With true all-in costs and core costs below the current gold price, Goldcorp still should rank as one of the lowest cost major miners. Additionally, even though their margins are low, they are still positive and have been consistently profitable despite the fall in the gold price. But investors should also take note of the fact that costs are still on the rise, and that non-gold production is actually forming a larger portion of the company's production totals.
Additionally, those investors predicting a sub-$1000 gold price should note that Goldcorp's core production costs are well above the $1000 price level and should gold fall below that point the company would be losing considerable amounts of money. Though almost anything can happen in terms of short-term price movements (remember the flash-crash?), gold is clearly not sustainable below $1000 for any lengthy period of time because even some of the lowest cost majors wouldn't be able to produce it profitably below that point.

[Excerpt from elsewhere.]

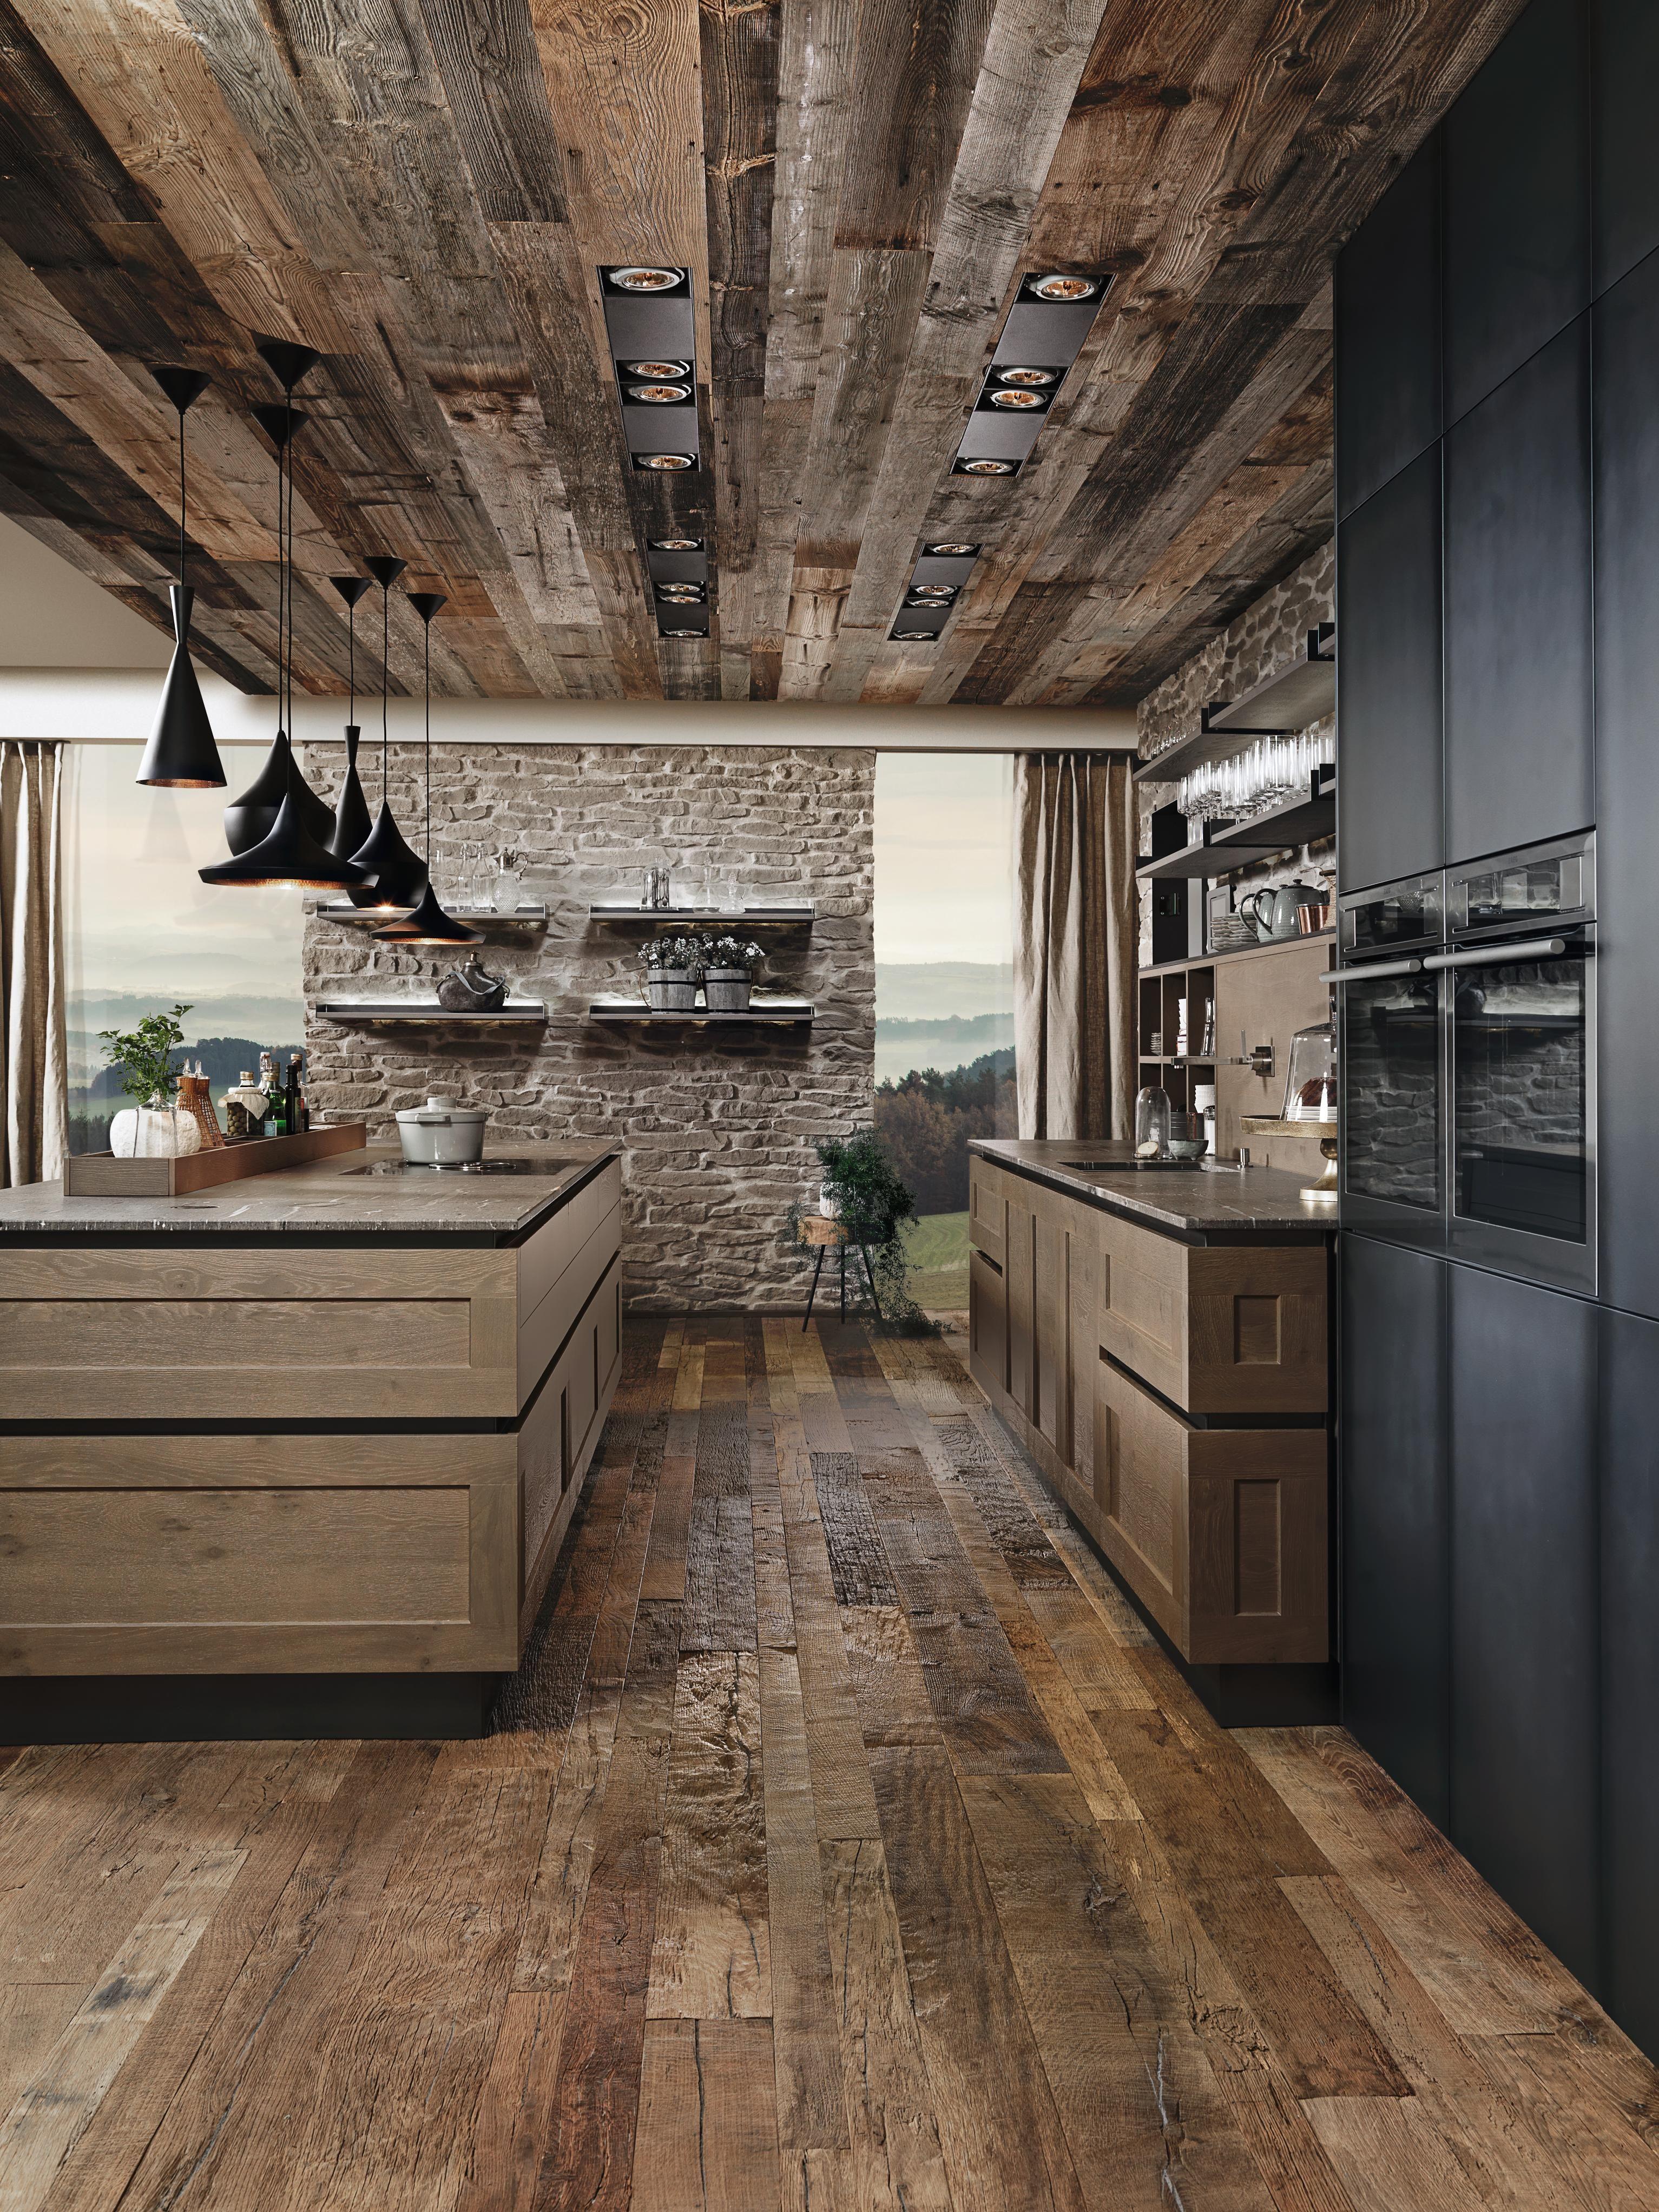 Beste Kuchenmarke Leder Sitzbank Global 3190 In Blau Krause Home

Even after GG cut costs considerably in the third quarter, its core costs are still approaching $1200 per gold-equivalent ounce - so from a production standpoint it doesn't seem gold can be mined profitably much lower from its current price. So gold investors should take this as a positive for their gold investments and be patient - the production costs should provide quite a bit of long-term support for gold at current levels regardless of Fed tapering.
Disclosure: I am long GG, AGI, RIC, SVLC, GOLD, SGOL. I wrote this article myself, and it expresses my own opinions. I am not receiving compensation for it (other than from Seeking Alpha). I have no business relationship with any company whose stock is mentioned in this article.